Production and Advantages of Transgenic Plants
Biodynamic pest control on organic farms
Using greenhouses to create freshwater from seawater in arid countries.
Questions

Why is the demand for meat increasing?
We put this question to Professor Jonathan Jones:
Well, many would say, quite reasonably, that we shouldn’t increase the meat demand, but the fact is that we will. It’s clear that China’s appetite for meat in their diet in particular is going up and up. These are people who, from having rice seven days a week, now want have rice plus meat in one day out of seven and maybe even two days out of seven. And so, as affluence goes up, demand for meat will go up, and I think it’s unfortunate because we could reduce our impact on the environment if we ate less meat, especially in the West. But anyway, I think that’s what’s going to happen and a major trade pipeline is soy beans from Brazil to China to grow pigs.
And to Charlie Paton:
It must be in everybody’s interest to eat less meat and therefore, it must be in everybody’s interest to have greater biodiversity of fresh produce and that is one of the things we’re very interested in, in encouraging.

Are fast-growing GM plants weaker?
We put this question to Professor Jonathan Jones:
Well usually, they don’t grow a lot faster.

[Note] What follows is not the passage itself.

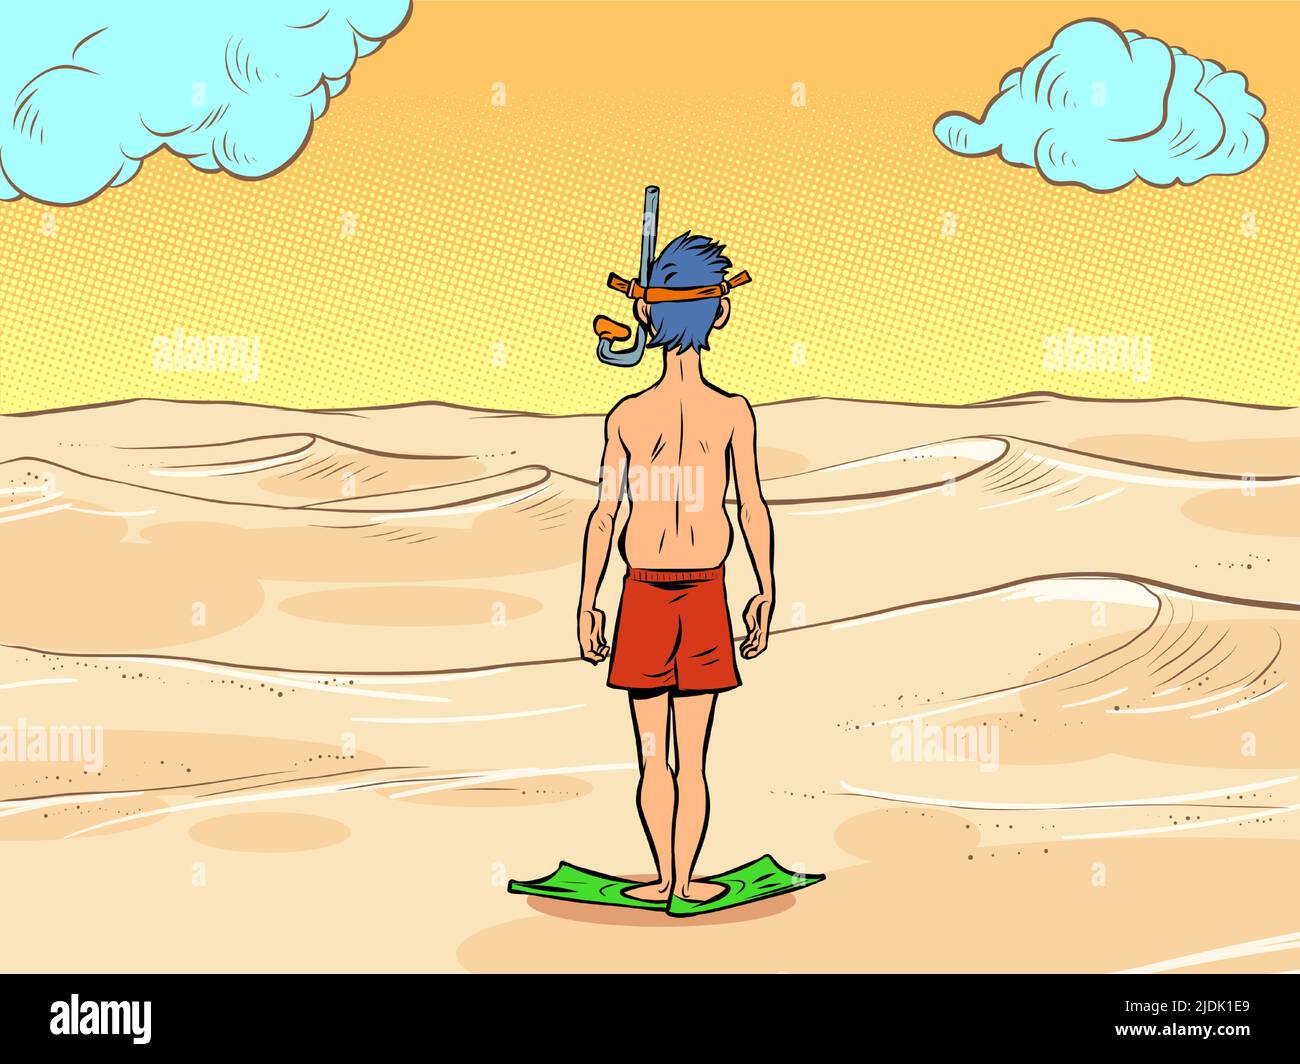 un uomo in una maschera subacquea si trova di fronte alle sabbie del deserto, non c'è acqua. Concetto di ecologia del riscaldamento globale Illustrazione Vettoriale
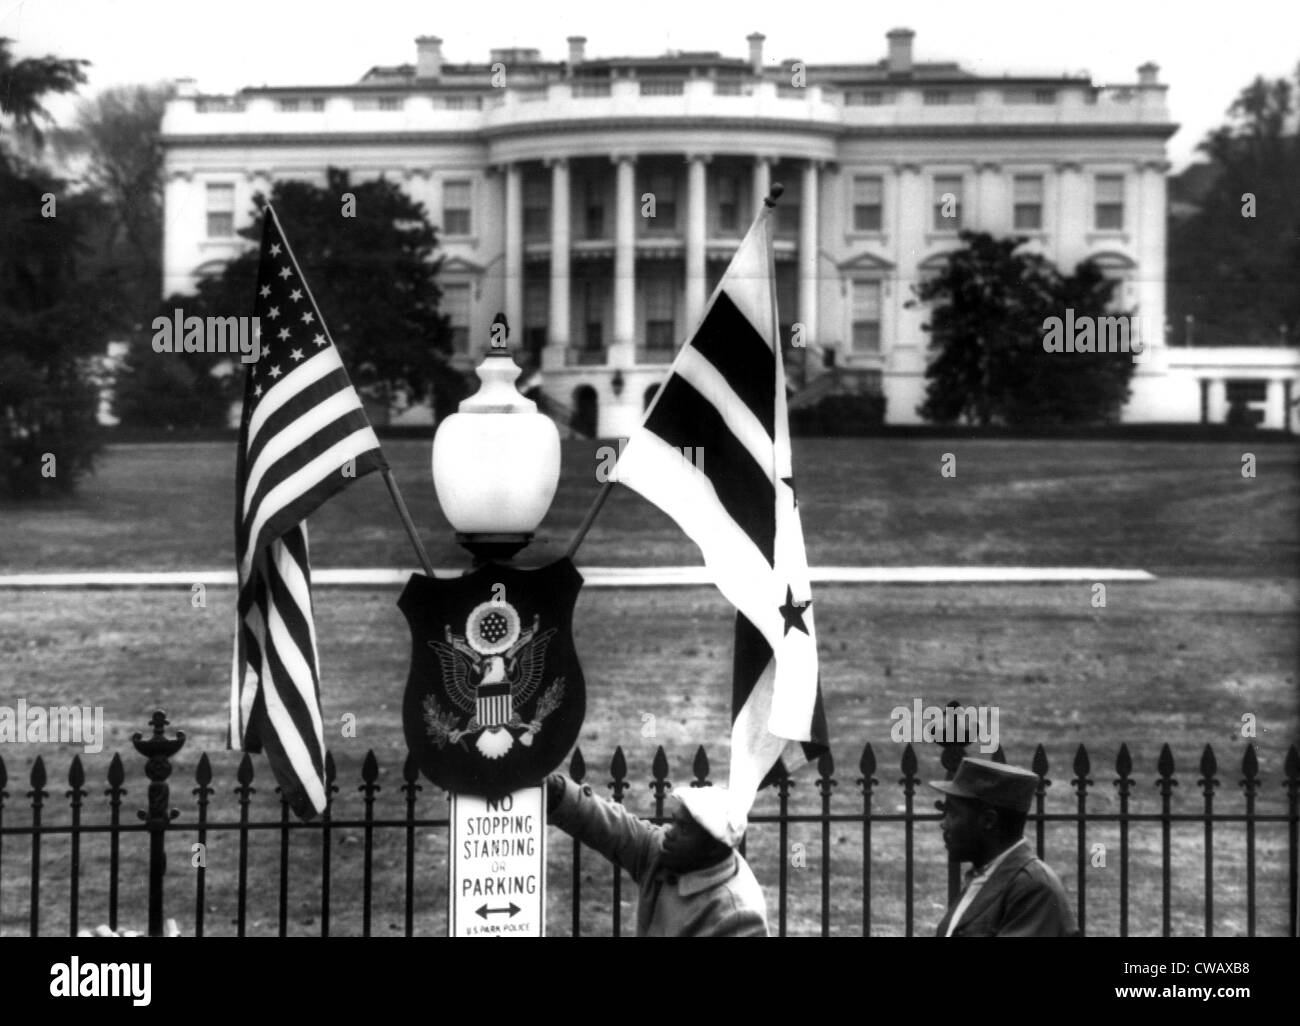 US & District Of Columbia Fahnen schmücken das Gelände des weißen Hauses, 11.03.55. Höflichkeit: CSU Archive / Everett Collection Stockfoto

They're just more disease resistant. So you’ll have less losses. So if your roots aren’t eaten by corn rootworm for example, they’re actually stronger because they can take in more water. The roots are not removed from the equation, so the water harvesting from the soil. Both for the plant, is more efficient.

Could I inject DNA from one plant into another to make a new fruit?
We put this question to Professor Jonathan Jones:
What distinguishes one fruit from another, involves more than one gene. It’s pretty complicated. If you want to convert white grapes to red grapes, then the gene that distinguishes them is defined. You could put that gene and get a red grape back, but you couldn’t change species with one gene.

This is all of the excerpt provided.